Hacker News new | ask | show | jobs
by infecto 16 days ago
Part of that reason is Microsoft office is a third class citizen on macOS.

Edit: Not sure why this would get downvoted. Weird. It absolutely lags behind windows version of the products by years. Excel did not get ribbon key shortcuts until 6 months ago. It’s a pretty terrible experience for most power users.

4 comments

Many companies nowadays only provide the most basic office license with only web access to office apps for most of their employees. So for those that puts all OS at the same level.

Having said that software lagging in versions/features doesn't mean users are less efficient using the older tool. Are todays office users more efficient in word and excel with the ribbon than they were using office97 a few decades ago? Has it been measured? I know I am still lost whenever I need to find something on the ribbon.

Sure if you are a basic user it’s no issue. Basic being someone using 1% of the feature set. The moment you start developing any skills in office there is an actual difference in the product. Like I already said, MacOS did not have ribbon shortcuts until a few months ago. That’s simply insulting that such a core function for users would be missing.
The ribbon is a UI providing a way to access functions, not a core function in itself.
Are we arguing if ribbon shortcuts are not a core function?? I don’t know why we are even going down this road but… for any user that has moderate level of use in excel, the keyboard shortcuts are used so heavily that they absolutely become a core function to the use of the platform. Power users in finance may even go to the extreme of popping out certain key caps on their keyboard to reduce mistakes and maximize their efficiency.
How? My experience with Excel, Word, Powerpoint, event Teams, is that they generally work fine. This is unlike the situation from e.g. 20 years ago, when you could barely get work done due to all the crashes, but that is a very distant memory now. There was a brief time during 2019 when Teams on Mac was kind of awful, but that's long ago in the past as well.

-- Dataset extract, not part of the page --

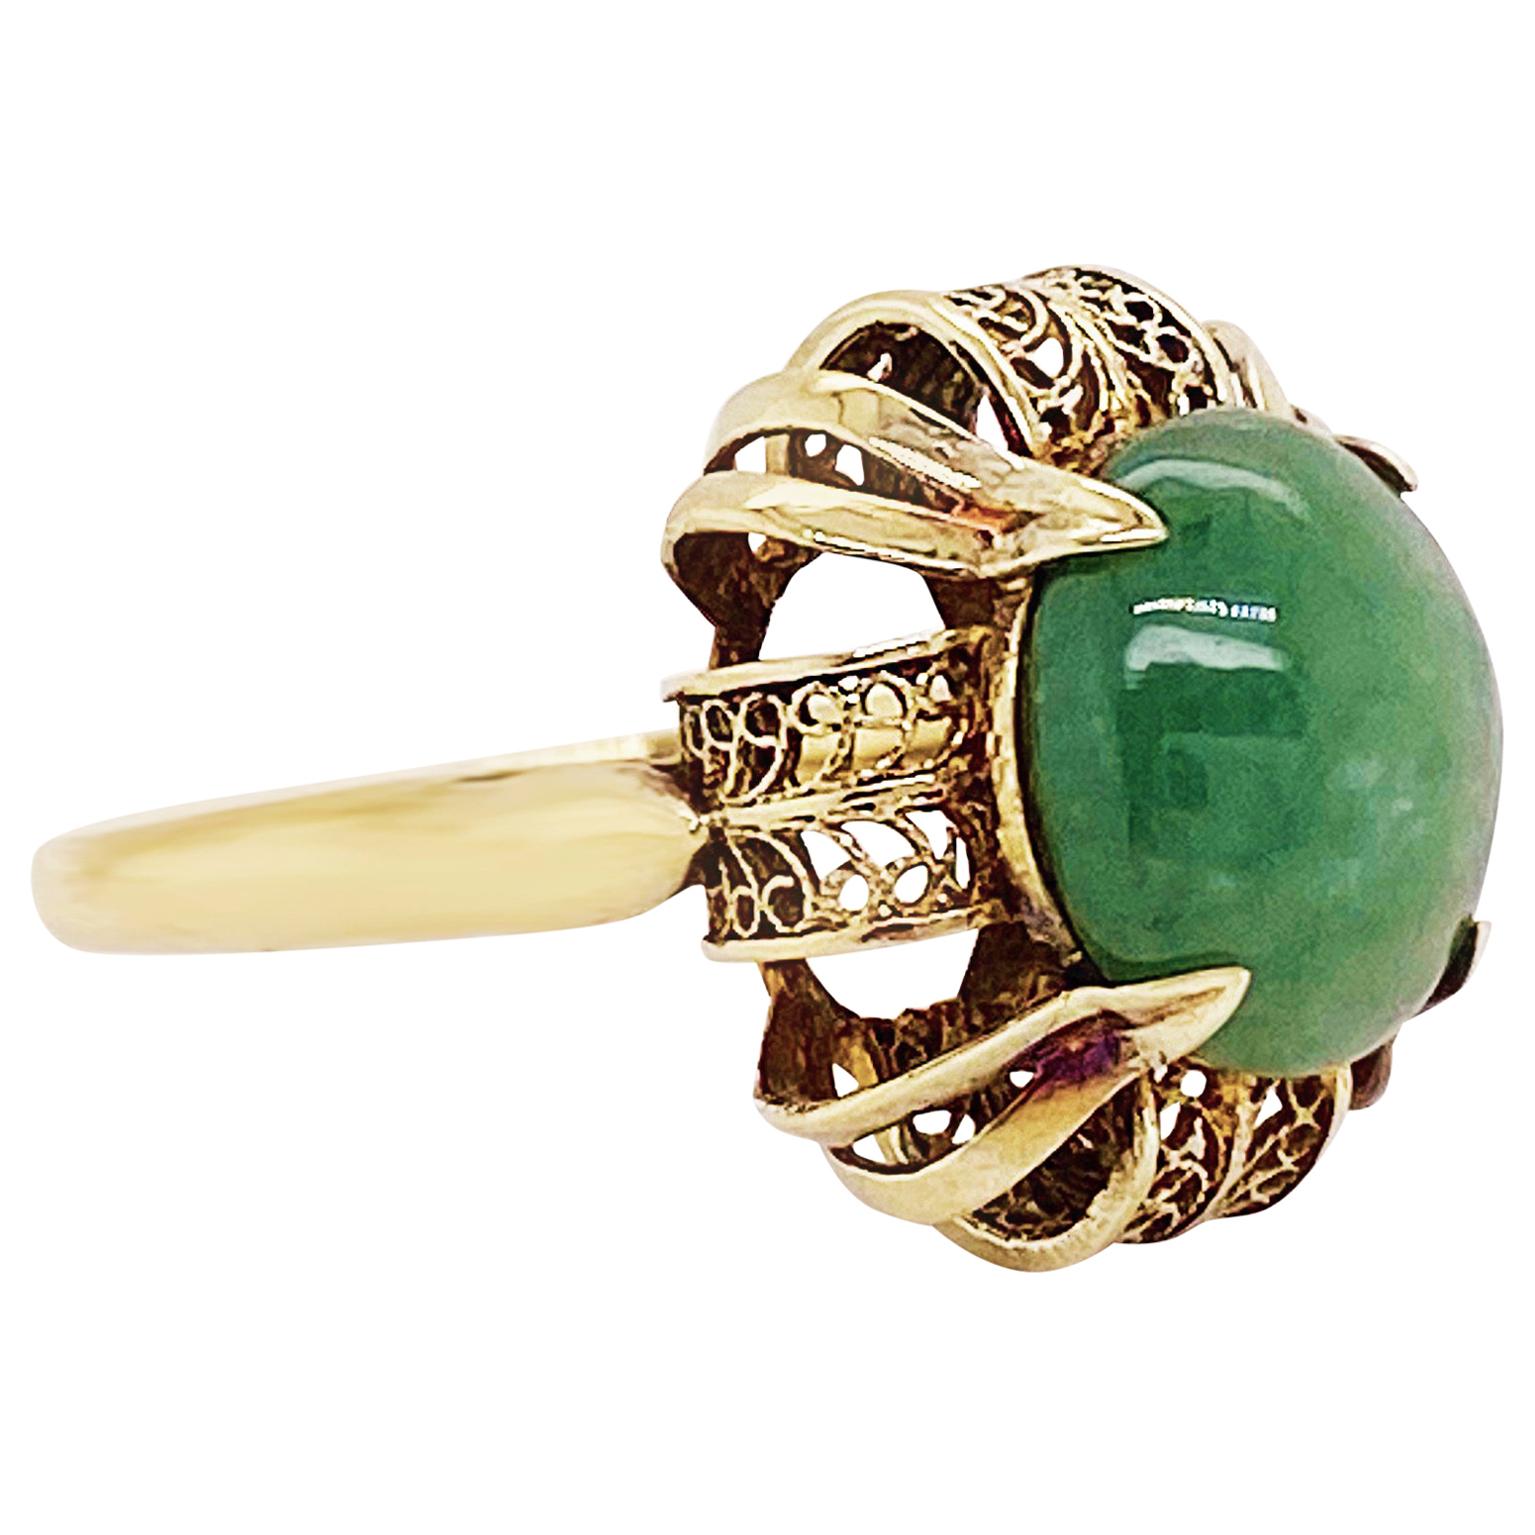 Jade Antique Ring, Jadeite Jade Ring in 14K Yellow Gold, Antique Filigree  Ring For Sale at 1stDibs | jade ring meaning, jade ring osrs, 14k gold jade  ring

My biggest complaint these days is that Teams uses far too much CPU when I'm sharing my screen. But other than that, everything seems to be ok.

People might not remember, but Word, Excel, and PowerPoint were all released for the Macintosh before Windows. Back then, the Macintosh versions were 1st-class citizens and (and you mention), Windows versions were a buggy mess.

Having used versions on both for years, I'd say there was a "dark" time around 2011 when the macOS versions were lagging badly feature-wise, but they're pretty much on-par today.

My biggest complaint is that you can't turn off the ridiculous animations in macOS versions (e.g. moving between cells in Excel). That makes the entire suite "feel" slower when in reality, the macOS version could easily be just as responsive as the Windows suite.

They still aren't on-par today, in MacOS Excel you can't do some charts you can do on Windows.
I can't speak for Teams (that is just an Electron app), but all of the legacy Mac Office apps are still a subset of the capabilities of their Windows counterparts.

If you can't tell the difference between Google Sheets and Excel, you probably won't notice the difference between Mac and Windows Excel. But if you are in some role like finance where you spend a ton of time in Excel, the gaps become obnoxiously noticeable. Especially because VBA is completely non-existent on Mac.

What's sad is that in my experience supporting 80 users, Word et al work with fewer issues on Mac. The stack integration on Windows is fine, until it isn't.
Lack of parity. It’s getting better but my classic example is ribbon shortcuts for Excel. They did not exist until something like 6 months ago.
Anecdotal but I’m a sysadmin in the IT dept in my rather larger company and have zero issues with office on my daily driver m2 Mac Pro. On my Dell precision running win 11 I constantly have issues with outlook, teams, etc.
Cannot speak to bugs but purely functionality. Historically speaking the macOS products lag by years.
I don’t know why you are getting downvoted, agree with you, Microsoft Office is awful on macOS, it just doesn’t work the same, has awful integration with Sharepoint (and Sharepoint in MS Teams and OneDrive), and continuously forgets its properly licensed and complains with a big message that it isn’t licensed - sometimes downgrading to read only. It’s just a terrible thing to use.